Tenn R. App. P. 3 Appeal as of Right; Judgment of the Circuit Court Affirmed; Case Remanded

SUSANO, J., delivered the opinion of the court, in which FRANKS , and SWINEY, JJ., joined.

Sandra G. Olive, Knoxville, Tennessee for the appellant, Kristina Lea Corbitt.

Charles W. Swanson and Jason H. Long, Knoxville, Tennessee, for the appellee, Homer Ernest Weeks, III.

OPINION

I.

The parties’ marriage was dissolved by final judgment entered June 30, 1994. The judgment incorporates a marital dissolution agreement (“MDA”), which vests the parties with joint legal custody of Ernie and designates Mother as primary residential custodian. Approximately 13 months after the final judgment was entered, Father filed the subject petition. Prior to the hearing on the parties’ competing positions, the trial court ordered Dr. John Kandilakis, a clinical psychologist, to conduct a custody evaluation. Dr. Kandilakis noted in his initial evaluation “that it is impossible for these two parents to be together in the presence or working on some activity involving their son.” Although he recommended a continuation of joint custody, he noted that providing Ernie with a constructive experience with each parent was a “formidable task [in light of] their intense conflict and animosity with each other.” In an update of the evaluation, Dr. Kandilakis again recommended joint custody but suggested that specific areas of decision-making be allocated between the parties.

Following the hearing on the parties’ petitions, the trial court rendered its opinion from the bench, in which it noted that the “marital dissolution agreement was conceived in optimism and has been disastrous in its provisions for joint decision making.” It further held that the “disastrous effect” of joint custody was a material change of circumstances warranting a modification of the custodial arrangement.

The court recognized that both parties had strong parenting skills and had made significant contributions to various aspects of the child’s development. It therefore rejected the notion of creating “one blanket sole custodian” and instead designated each parent as the sole “custodian” of specific areas of the child’s life. The court decreed that Father would be the sole medical, dental, and optical custodian for the child, and that Mother could exercise authority in these areas only in a case of emergency. The court designated Mother as the sole psychological and psychiatric custodian. It further held that all appointments, examinations, and procedures scheduled by each parent in their respective “areas” should be accomplished during their respective co-parenting times. The court designated Mother as the sole educational custodian and decreed that, with the exception of certain school meetings, the parties could visit the school only (1) when invited by the school and (2) only during the time that the child is residing with the parent. The parties were left as joint custodians of the child’s religious upbringing. Mother was designated as athletic custodian, and the court held that Father was free to ignore any athletic events scheduled during his co-parenting time. Finally, Mother was designated as sole dietary custodian and was given the authority to establish a list of allowed and prohibited foods for the child while he resides with Father. The court decreed that if Father failed to follow this dietary regimen, his co-parenting time could be reduced.

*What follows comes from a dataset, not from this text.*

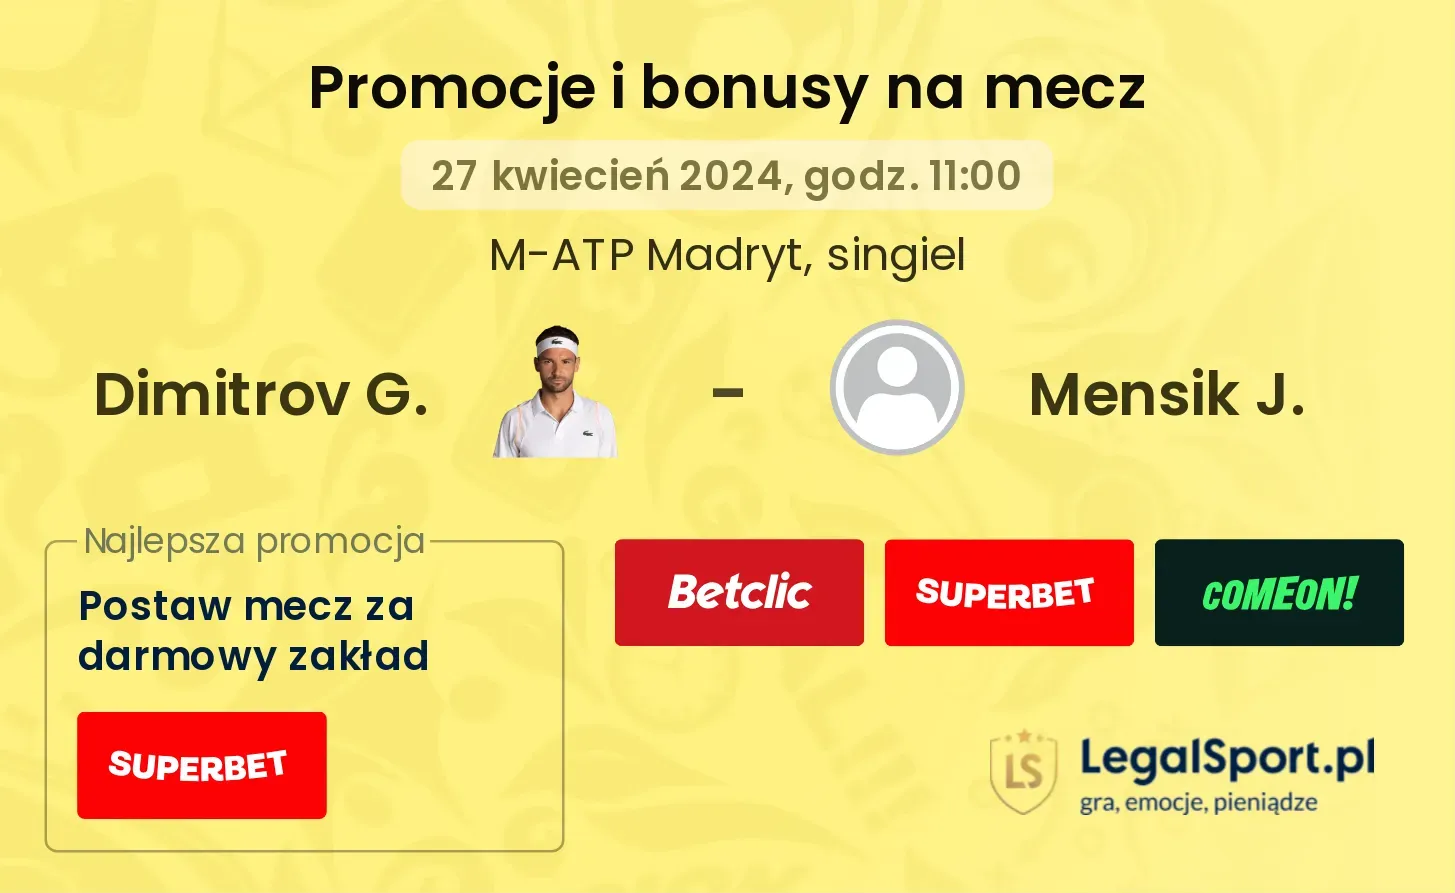 Dimitrov G. - Mensik J. promocje bonusy na mecz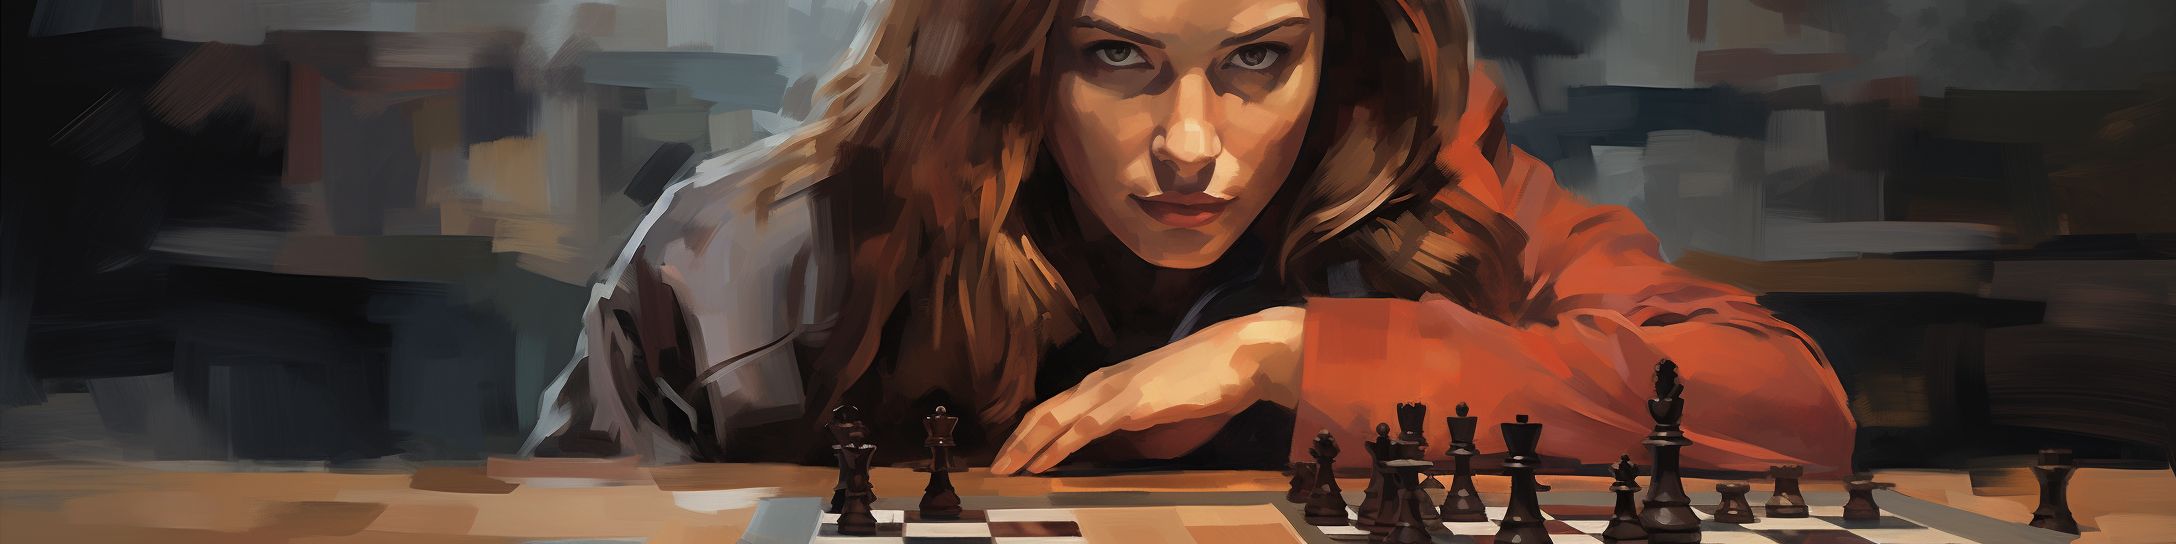 L'empreinte de Judit Polgar sur l'univers des échecs

Because the trial court found both parties to be “strong parent[s],” the court also adjusted the amount of time that the child spends with each parent. The court found that the parents should each have “significant time” with the child. It accordingly increased Father’s co-parenting time to seven days out of every 21 days. In doing so, the court noted that Dr. Kandilakis had recommended that Father should be designated as “enrichment custodian.” The court declined to create such a position and instead increased Father’s time so that he could “continue the good work that he does with the boy.” The court also decreed that, absent a further hearing, this co-parenting schedule would continue for the next five years, at which time the parents would share equal parenting time on a two-week rotating schedule.

-2- II.

A trial court has broad discretion is determining matters of custody and visitation. Parker v. Parker, 986 S.W.2d 557, 563 (Tenn. 1999); Gaskill v. Gaskill, 936 S.W.2d 626, 631 (Tenn. Ct. App. 1996). Such determinations are factually driven and involve a consideration of multiple factors. Adelsperger v. Adelsperger, 970 S.W.2d 482, 485 (Tenn. Ct. App. 1997). Our review is de novo upon the record of the proceedings below; however, the record comes to us with a presumption of correctness that we must honor “unless the preponderance of the evidence is otherwise.” Tenn. R. App. P. 13(d); see also Hass v. Knighton, 676 S.W.2d 554, 555 (Tenn. 1984). The trial court’s conclusions of law are reviewed de novo with no presumption of correctness. Jahn v. Jahn, 932 S.W.2d 939, 941 (Tenn. Ct. App. 1996).

On this appeal, we must determine if the trial court abused its discretion in crafting a new custody decree. We addressed the abuse of discretion standard in the case of BIF, a Div. of Gen. Signals Controls, Inc. v. Service Constr. Co., Inc., C/A No. 87-136-II, 1988 WL 72409, at *2-*3 (Tenn. Ct. App. M.S., filed July 13, 1988):

The standard conveys two notions. First, it indicates that the trial court has the authority to choose among several legally permissible, sometimes even conflicting, answers. Second, it indicates that the appellate court will not interfere with the trial court’s decision simply because it did not choose the alternative the appellate court would have chosen.

Appellate courts have the task of articulating the boundaries of the permissible range of the trial court’s options.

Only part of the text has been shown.